### Task instructions
In the listing below, find each line holding "Bike" and copy it.

### Input for this task
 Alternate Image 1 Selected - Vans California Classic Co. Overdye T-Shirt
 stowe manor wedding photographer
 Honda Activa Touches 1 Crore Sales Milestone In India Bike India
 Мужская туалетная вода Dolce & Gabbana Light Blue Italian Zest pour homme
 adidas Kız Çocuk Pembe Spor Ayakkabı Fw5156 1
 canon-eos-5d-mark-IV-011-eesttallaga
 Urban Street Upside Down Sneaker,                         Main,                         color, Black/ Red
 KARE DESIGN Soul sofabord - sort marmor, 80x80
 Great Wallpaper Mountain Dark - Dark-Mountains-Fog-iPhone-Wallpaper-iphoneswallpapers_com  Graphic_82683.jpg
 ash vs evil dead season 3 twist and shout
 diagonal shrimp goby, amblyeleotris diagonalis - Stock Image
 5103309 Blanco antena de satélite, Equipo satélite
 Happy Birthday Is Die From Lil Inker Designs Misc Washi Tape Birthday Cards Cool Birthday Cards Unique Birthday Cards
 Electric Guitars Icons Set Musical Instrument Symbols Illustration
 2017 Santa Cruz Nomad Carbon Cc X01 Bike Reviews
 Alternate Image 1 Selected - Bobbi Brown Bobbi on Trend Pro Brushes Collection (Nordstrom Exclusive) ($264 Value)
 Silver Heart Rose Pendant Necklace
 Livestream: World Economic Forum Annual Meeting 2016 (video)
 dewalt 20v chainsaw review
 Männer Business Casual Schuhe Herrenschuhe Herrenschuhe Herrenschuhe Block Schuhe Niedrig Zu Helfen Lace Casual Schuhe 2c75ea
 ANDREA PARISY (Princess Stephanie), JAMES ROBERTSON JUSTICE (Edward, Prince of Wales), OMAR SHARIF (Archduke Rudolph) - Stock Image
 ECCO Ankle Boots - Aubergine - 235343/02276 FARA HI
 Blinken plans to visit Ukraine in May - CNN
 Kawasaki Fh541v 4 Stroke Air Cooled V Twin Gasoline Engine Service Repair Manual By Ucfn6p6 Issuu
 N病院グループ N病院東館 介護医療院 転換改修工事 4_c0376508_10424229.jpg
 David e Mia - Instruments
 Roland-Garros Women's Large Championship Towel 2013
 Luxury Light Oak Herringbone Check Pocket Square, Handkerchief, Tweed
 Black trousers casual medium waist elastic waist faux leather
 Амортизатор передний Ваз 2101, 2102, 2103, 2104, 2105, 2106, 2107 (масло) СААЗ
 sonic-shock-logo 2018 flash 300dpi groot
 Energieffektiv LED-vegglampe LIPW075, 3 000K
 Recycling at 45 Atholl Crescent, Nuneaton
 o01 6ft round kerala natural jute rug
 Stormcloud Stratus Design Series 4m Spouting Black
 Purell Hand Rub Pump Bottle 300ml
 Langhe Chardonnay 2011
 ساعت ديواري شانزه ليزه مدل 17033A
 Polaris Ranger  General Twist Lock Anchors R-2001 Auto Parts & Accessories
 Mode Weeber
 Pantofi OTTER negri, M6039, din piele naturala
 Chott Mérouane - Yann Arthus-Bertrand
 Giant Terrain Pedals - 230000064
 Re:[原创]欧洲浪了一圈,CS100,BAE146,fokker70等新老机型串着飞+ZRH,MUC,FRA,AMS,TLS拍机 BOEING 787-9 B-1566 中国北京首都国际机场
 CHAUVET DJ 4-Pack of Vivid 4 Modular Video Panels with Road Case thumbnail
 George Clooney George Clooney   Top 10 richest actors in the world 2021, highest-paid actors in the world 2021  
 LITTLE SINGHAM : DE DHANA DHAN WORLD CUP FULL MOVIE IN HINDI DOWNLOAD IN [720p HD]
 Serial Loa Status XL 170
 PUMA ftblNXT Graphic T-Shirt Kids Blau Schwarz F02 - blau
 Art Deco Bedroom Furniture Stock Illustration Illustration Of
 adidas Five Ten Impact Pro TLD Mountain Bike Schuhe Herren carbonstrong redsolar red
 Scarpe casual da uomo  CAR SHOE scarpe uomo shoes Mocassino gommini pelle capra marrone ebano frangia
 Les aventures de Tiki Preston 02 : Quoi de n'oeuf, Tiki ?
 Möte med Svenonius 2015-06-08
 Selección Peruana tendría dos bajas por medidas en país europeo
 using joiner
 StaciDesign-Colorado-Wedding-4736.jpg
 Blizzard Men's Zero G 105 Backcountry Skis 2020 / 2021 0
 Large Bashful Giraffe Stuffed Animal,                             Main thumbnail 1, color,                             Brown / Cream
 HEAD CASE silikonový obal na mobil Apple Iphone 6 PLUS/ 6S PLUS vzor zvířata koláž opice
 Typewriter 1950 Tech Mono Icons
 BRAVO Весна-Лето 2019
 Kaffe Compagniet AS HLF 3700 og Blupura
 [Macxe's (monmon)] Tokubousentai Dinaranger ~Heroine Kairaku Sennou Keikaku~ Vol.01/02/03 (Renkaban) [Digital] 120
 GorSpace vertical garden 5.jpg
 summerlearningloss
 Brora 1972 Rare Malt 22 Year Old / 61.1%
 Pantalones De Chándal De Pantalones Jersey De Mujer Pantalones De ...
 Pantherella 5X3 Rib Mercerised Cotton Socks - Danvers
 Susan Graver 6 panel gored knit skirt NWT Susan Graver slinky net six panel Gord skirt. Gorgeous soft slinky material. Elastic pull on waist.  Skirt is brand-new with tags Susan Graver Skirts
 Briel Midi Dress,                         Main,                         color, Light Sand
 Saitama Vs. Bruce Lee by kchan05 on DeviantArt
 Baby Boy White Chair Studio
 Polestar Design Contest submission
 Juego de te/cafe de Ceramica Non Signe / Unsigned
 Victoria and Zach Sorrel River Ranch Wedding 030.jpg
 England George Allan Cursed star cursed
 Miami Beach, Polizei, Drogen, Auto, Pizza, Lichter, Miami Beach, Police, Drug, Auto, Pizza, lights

### Exercise answer
 Honda Activa Touches 1 Crore Sales Milestone In India Bike India
 2017 Santa Cruz Nomad Carbon Cc X01 Bike Reviews
 adidas Five Ten Impact Pro TLD Mountain Bike Schuhe Herren carbonstrong redsolar red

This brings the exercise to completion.